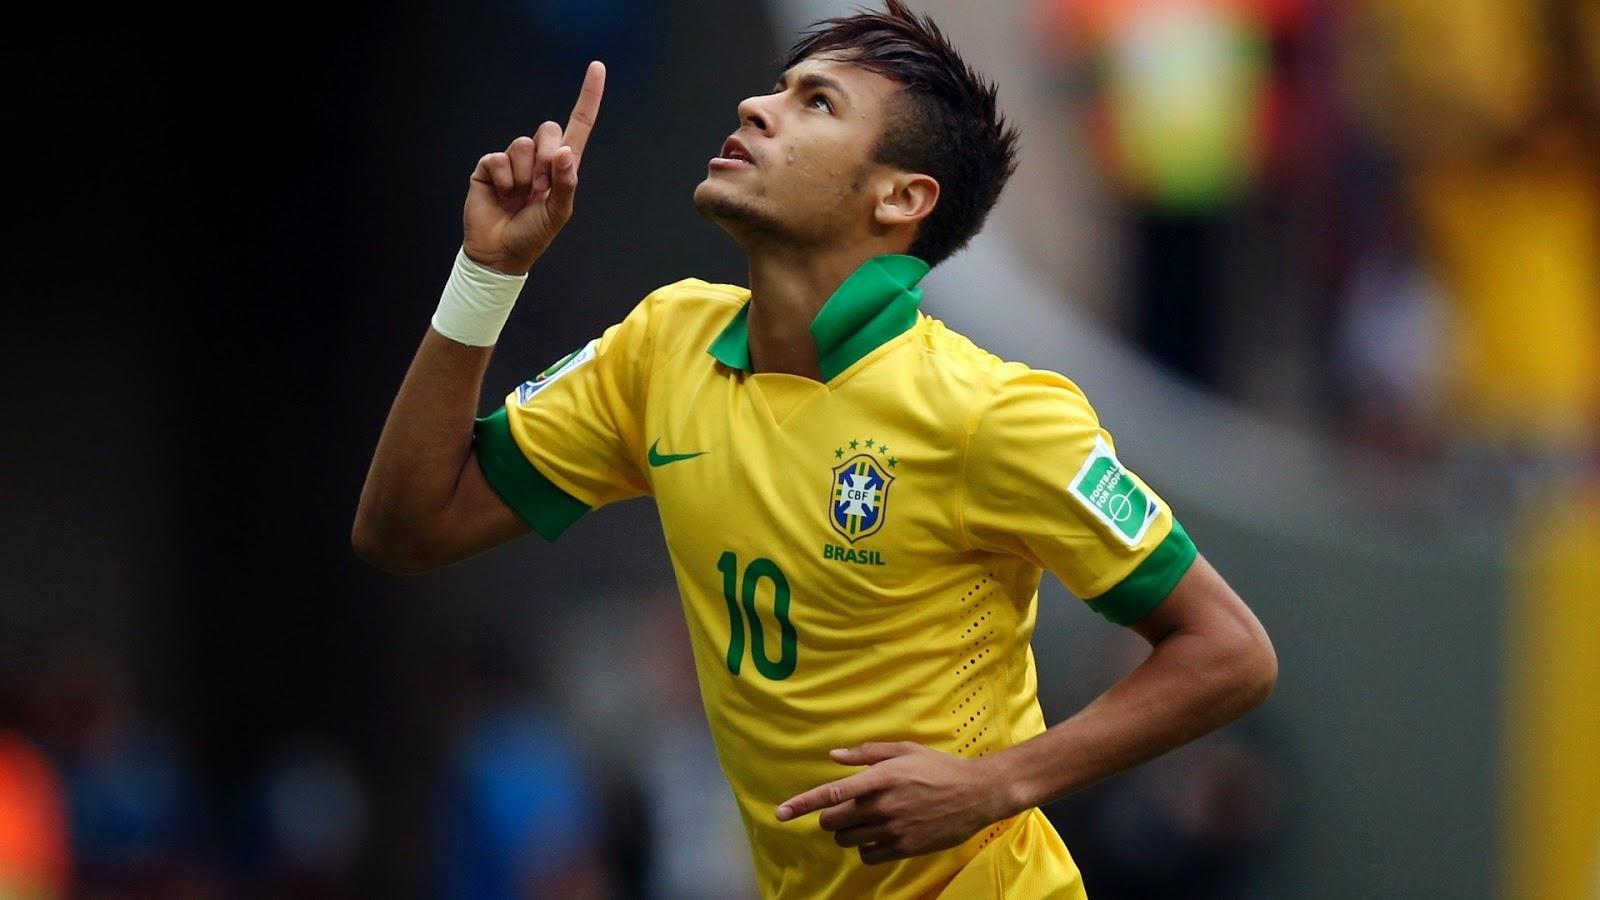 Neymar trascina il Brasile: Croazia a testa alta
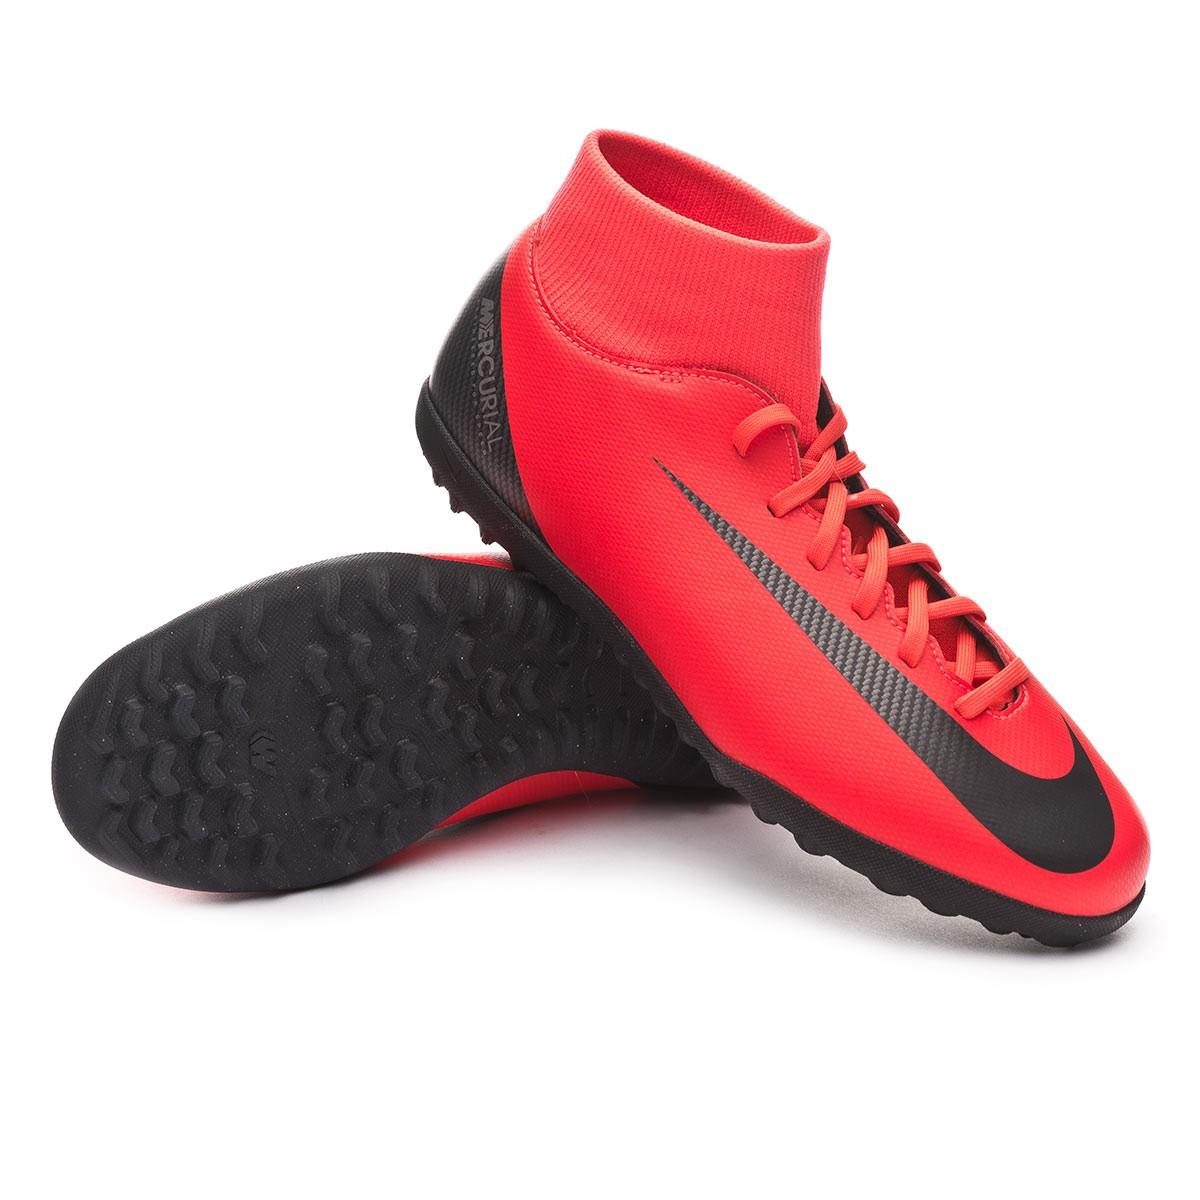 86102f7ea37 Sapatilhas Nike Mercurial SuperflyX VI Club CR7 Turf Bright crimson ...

--

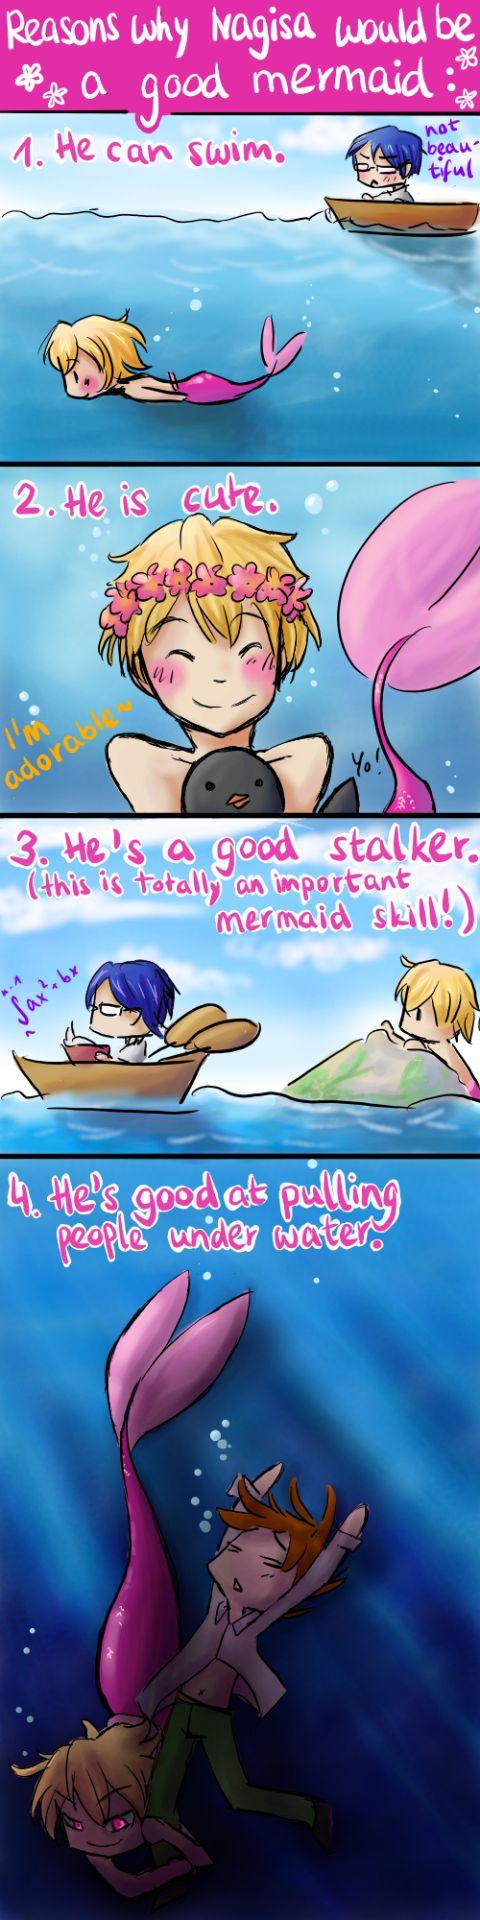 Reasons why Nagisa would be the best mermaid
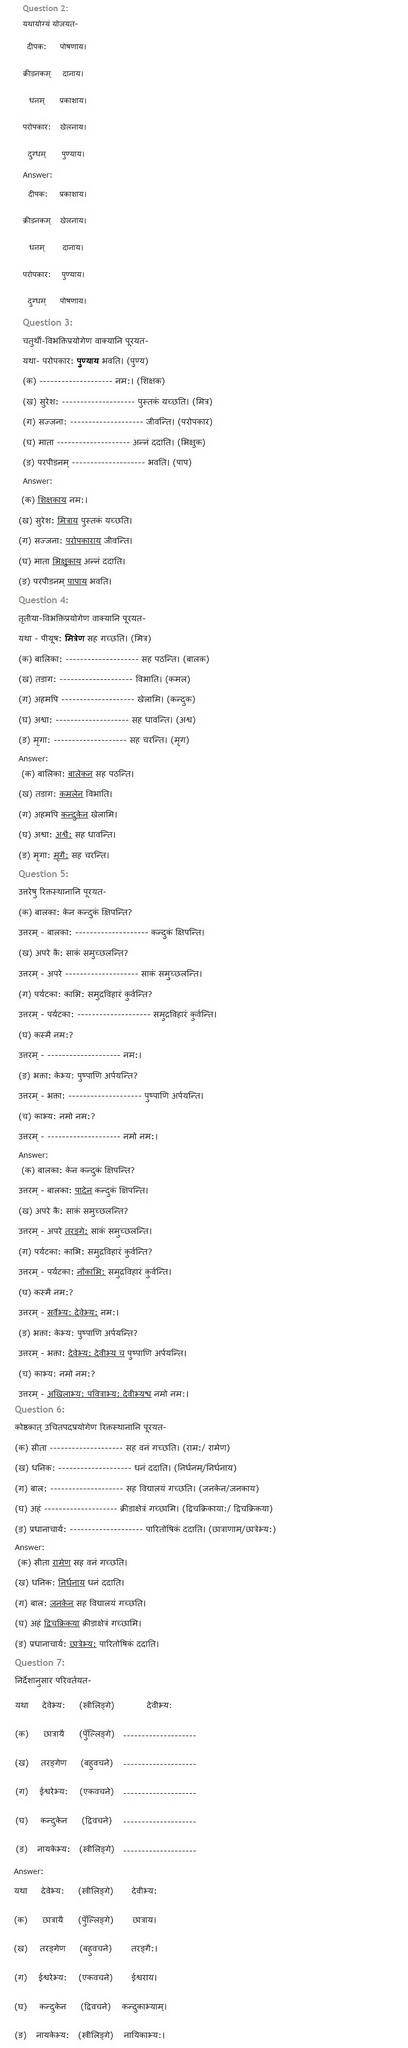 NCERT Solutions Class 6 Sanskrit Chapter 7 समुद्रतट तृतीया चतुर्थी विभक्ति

- PROBLEM -
In the data above, start at the line holding "Neymar trascina il" and stop after the line holding "86102f7ea37 Sapatilhas Nike"; write out those lines exactly, without pictures.

- WRITTEN SOLUTION -
 Neymar trascina il Brasile: Croazia a testa alta
 86102f7ea37 Sapatilhas Nike Mercurial SuperflyX VI Club CR7 Turf Bright crimson ...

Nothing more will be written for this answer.